Abnormally low pH of the ASL may facilitate bacterial survival in the airway lumen. Phagocytic cells are less efficient at ingesting and killing bacteria at lower extracellular pH. In addition, pseudomonas aeruginosa, the organism most typically associated with CF and Ventilator-Associated Pneumonia (VAP) patients.
The term "Bronchoalveolar lavage" (BAL) is a medical procedure in which a bronchoscope is passed through the mouth or nose into the lungs and sterile 0.9% sodium chloride solution is squirted into a small part of the lung and then recollected for microbiological examination. BAL is typically performed to diagnose lung disease. In particular, BAL is commonly used to diagnose infections in people with immune system problems, pneumonia in people on ventilators.
Ventilator-Associated Pneumonia (VAP) is a leading cause of morbidity and mortality in the Intensive Care Unit (ICU). The incidence of VAP varies greatly, ranging from 6 to 52% of intubated patients, depending on patient risk factors. Attributable mortality approaches 50% when VAP is caused by the more virulent organisms that typify late-onset VAP, occurring 4 or more days into
mechanical ventilation. VAP is commonly caused by antibiotic-resistant nosocomial organisms (e.g., Pseudomonas aeruginosa).
Community-Acquired Pneumonia (CAP) can be caused by any microorganism that can cause VAP, however there are several bacteria which are particularly important causes of VAP because of their resistance to commonly used antibiotics. These bacteria are referred to as Multi-Drug Resistant (MDR).
Pseudomonas aeruginosa is the most common MDR gram-negative bacterium causing VAP. Pseudomonas has natural resistance to many antibiotics.
The present invention relates to compositions, formulations and methods bio-balance the pH of sterile, sodium chloride inhalation and pulmonary irrigation solutions, such that the solutions are bio-similar to the homeostatic pH state of the
Human Airway Surface Liquid (ASL) at 7.4.
The compositions of the present invention are sterile, non-pyrogenic, additive and preservative free, and provided in sterile unit-of-use, blow-fill-seal vials. These compositions are intended for use in the induction of sputum production where sputum production is indicated, such as with Cystic Fibrosis patients and Bronchoalveolar lavage procedures.

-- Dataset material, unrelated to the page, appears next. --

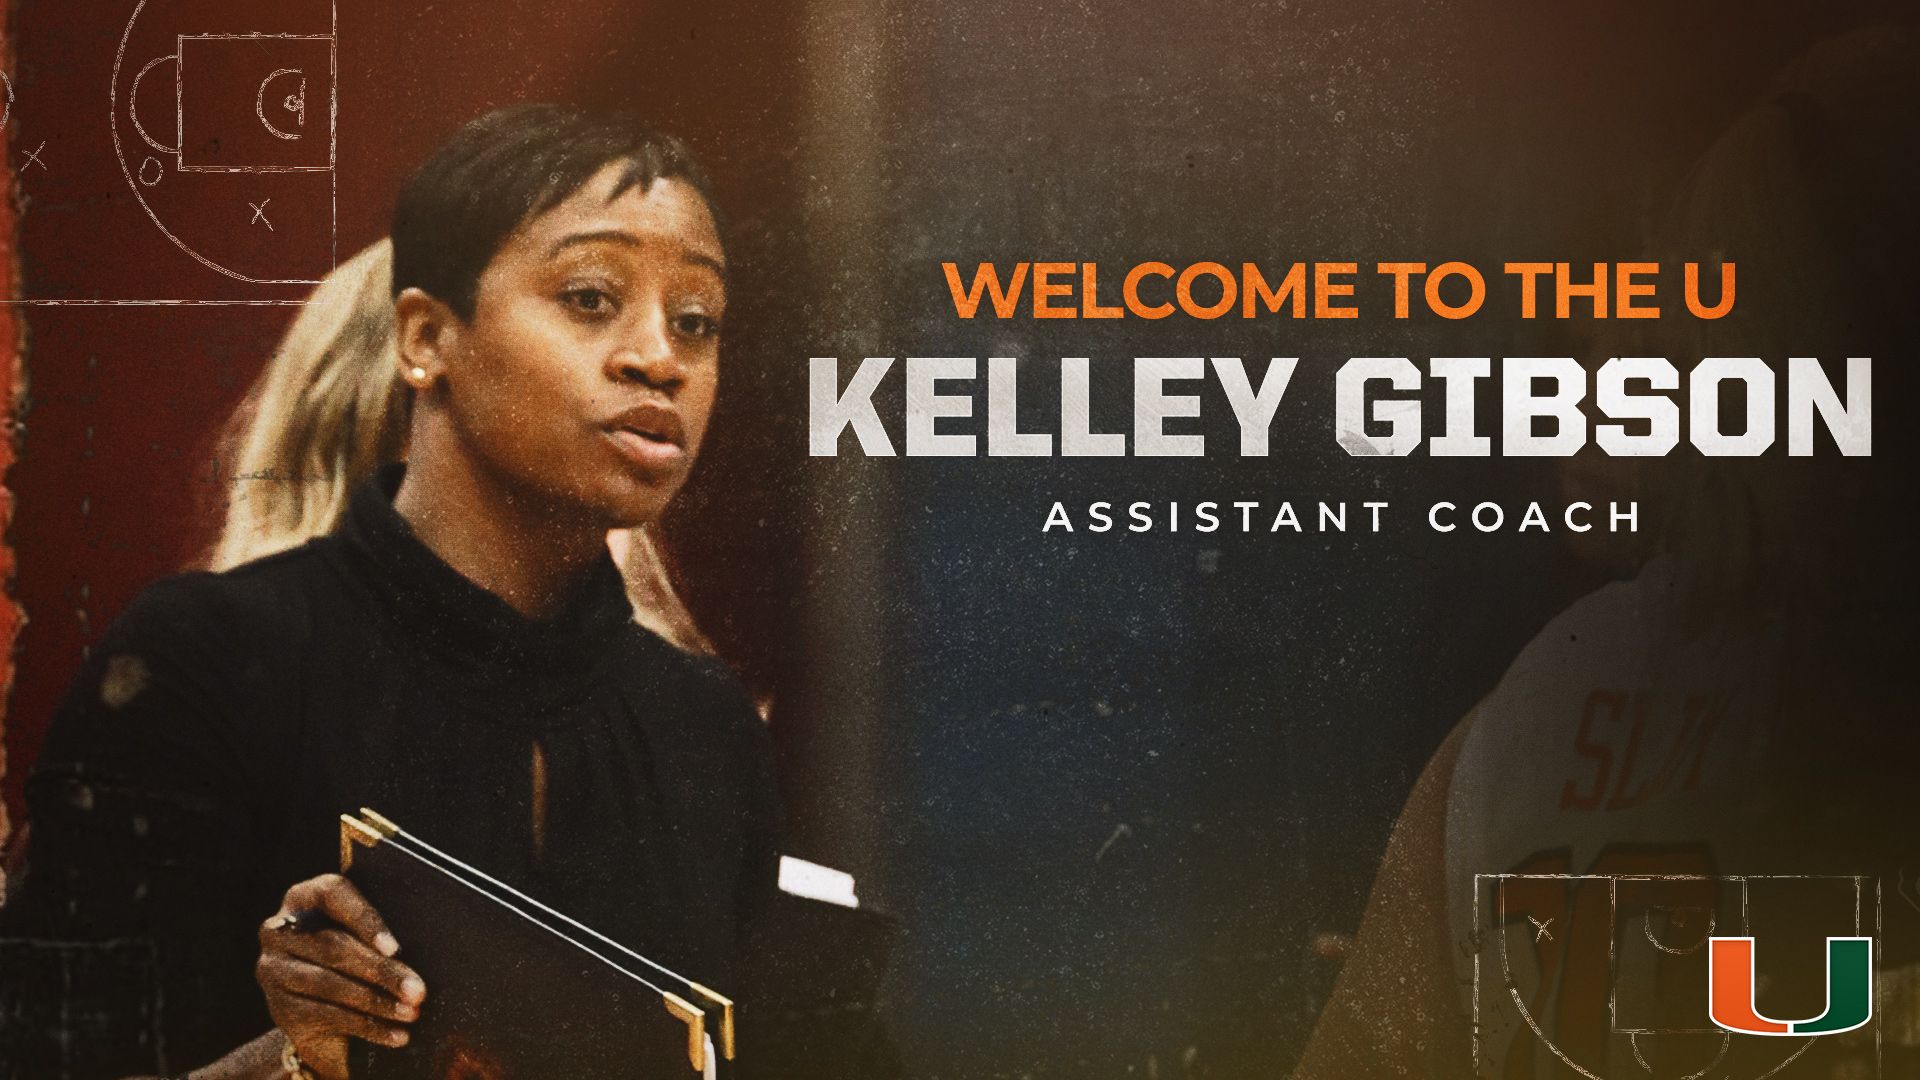 Kelley Gibson Joins WBB Staff
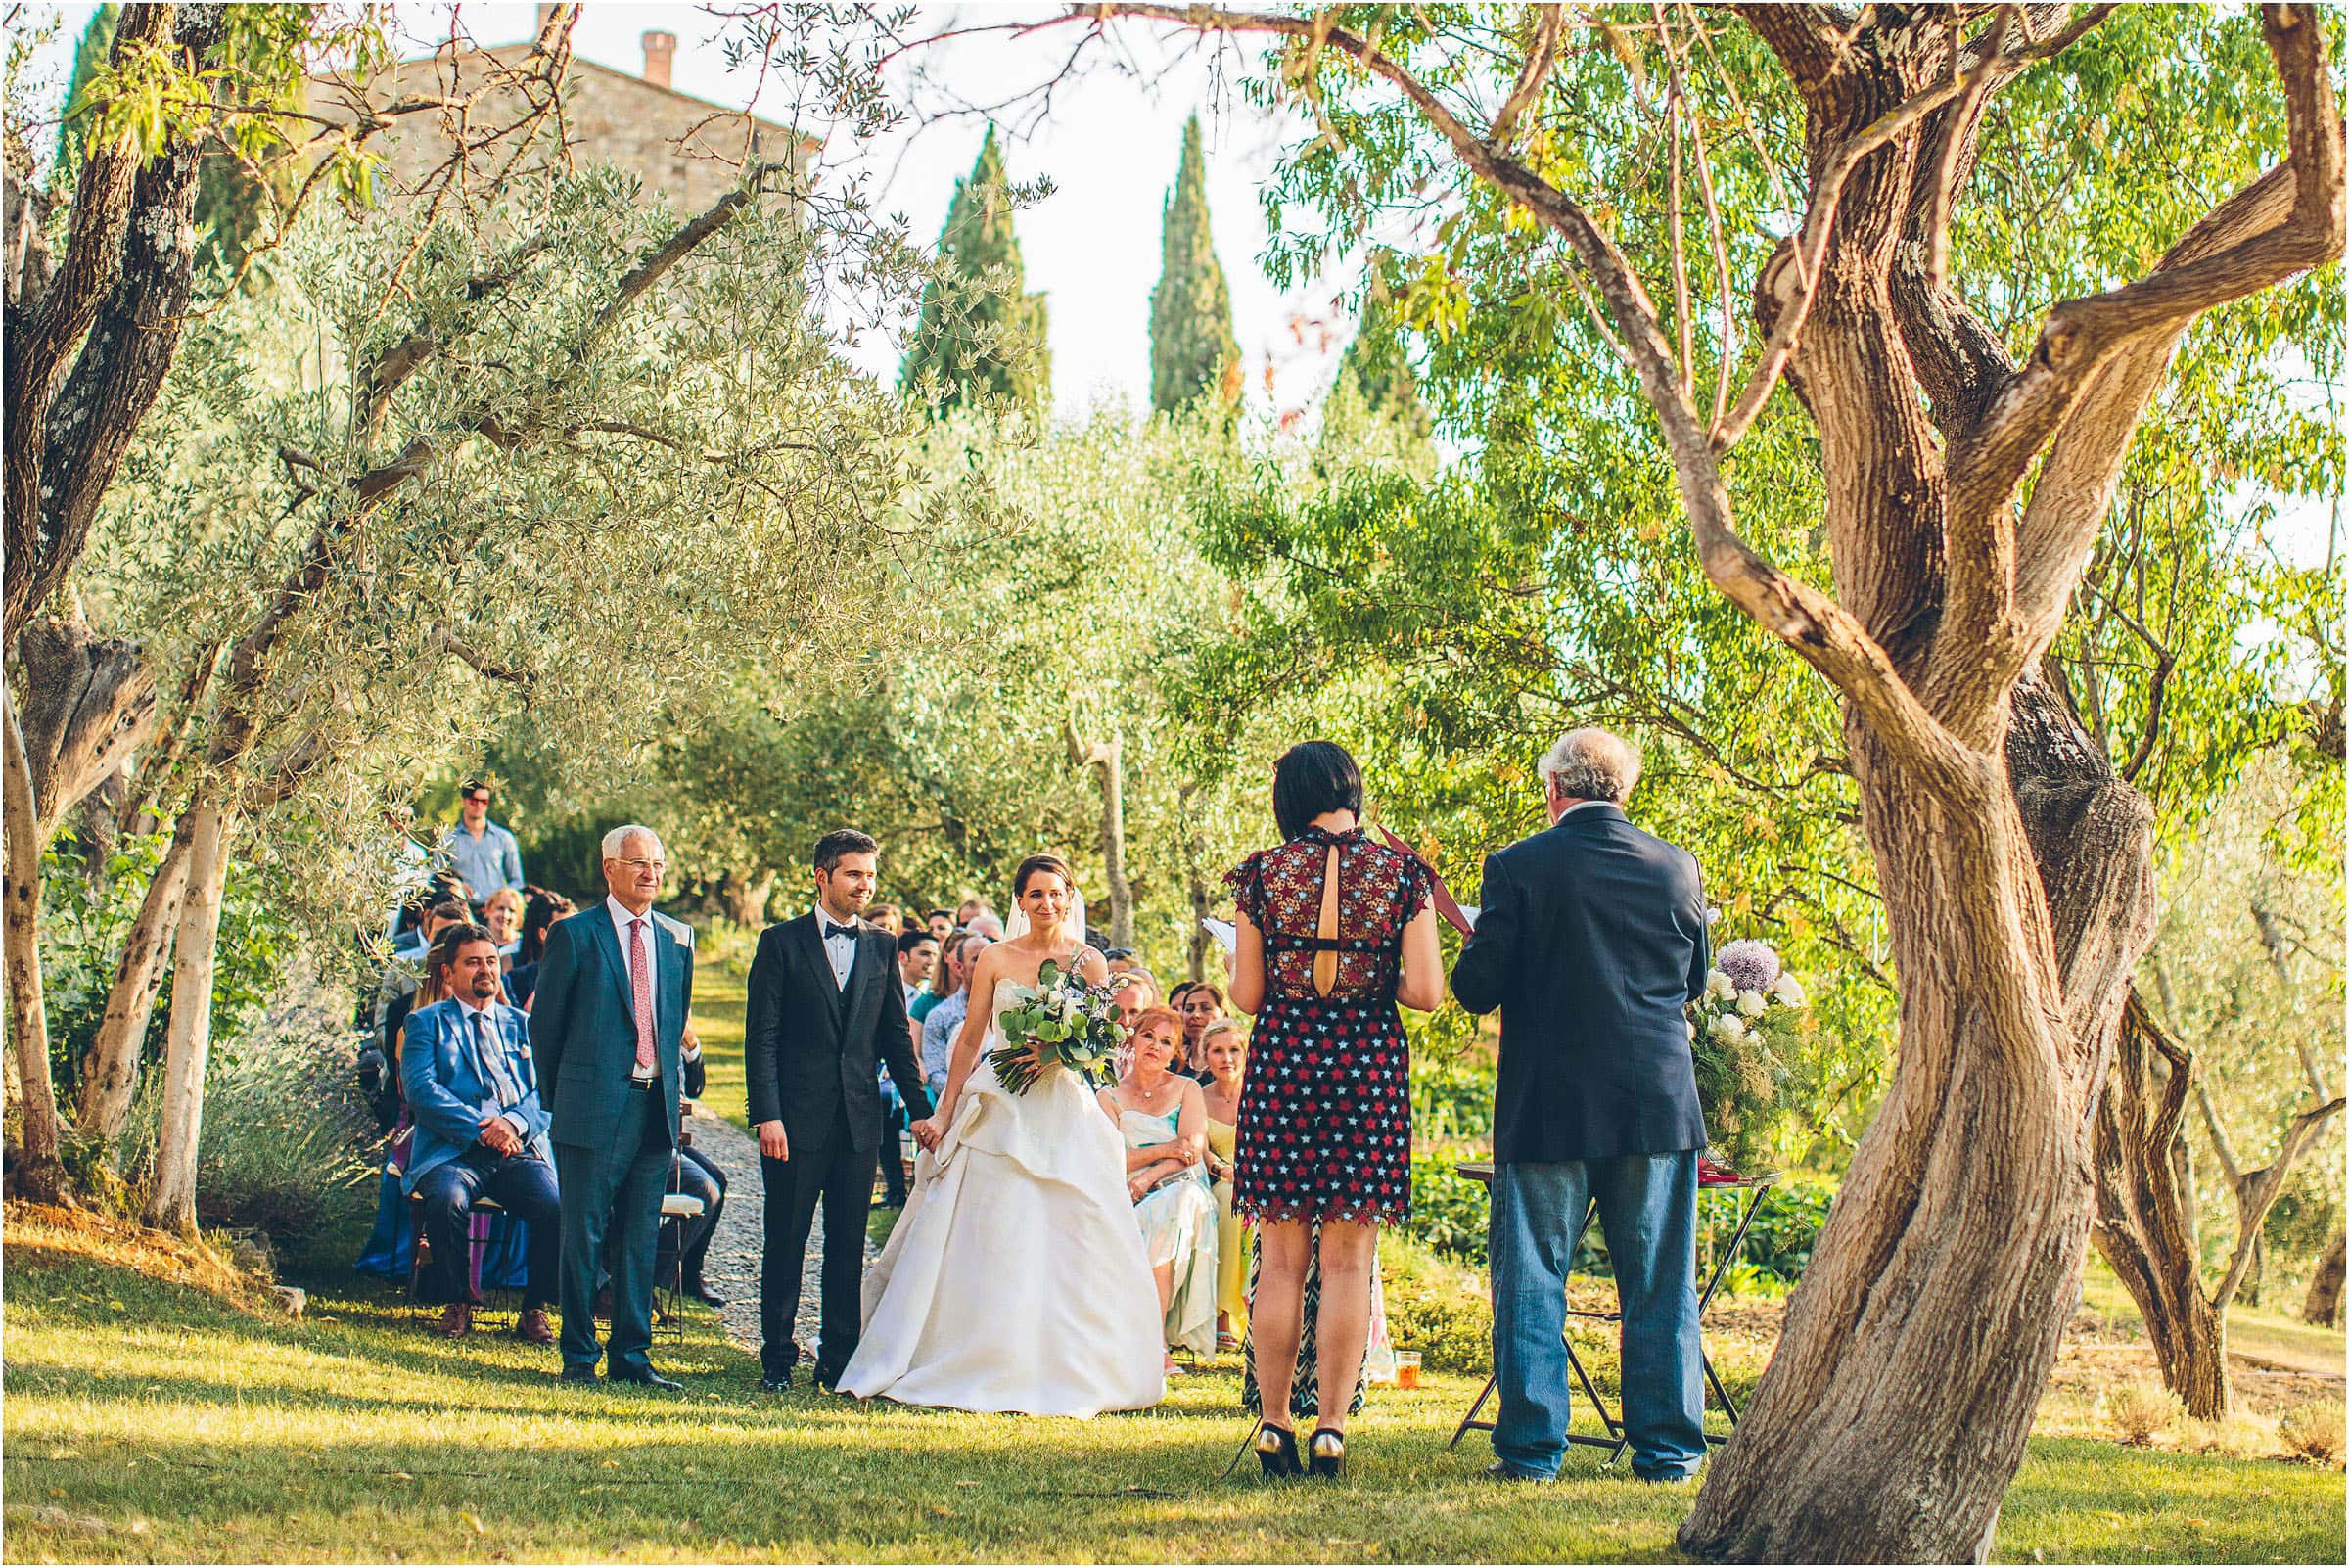 A beautiful shot of a couple getting married at Castello di Vicarello in Tuscany

The compositions of the present invention can be provided in concentrations from about 1 .0 percent to about 10 percent sodium chloride in USP / sterile water. The sodium chloride solutions are homogenous mixtures (complete solutions) that include sterile water, sodium chloride, and a buffer. Typically, sodium bicarbonate can be used as the buffer. The compositions are provided in saline concentrations from 0.045% to 10%, for example, concentrations of 0.9%,
3%, 3.5%, 6%, 7% with a pH of 7.4.
It should be understood, of course, that the foregoing relates to exemplary embodiments of the invention and that modifications may be made without departing from the spirit and scope of the invention as set forth in the following claims.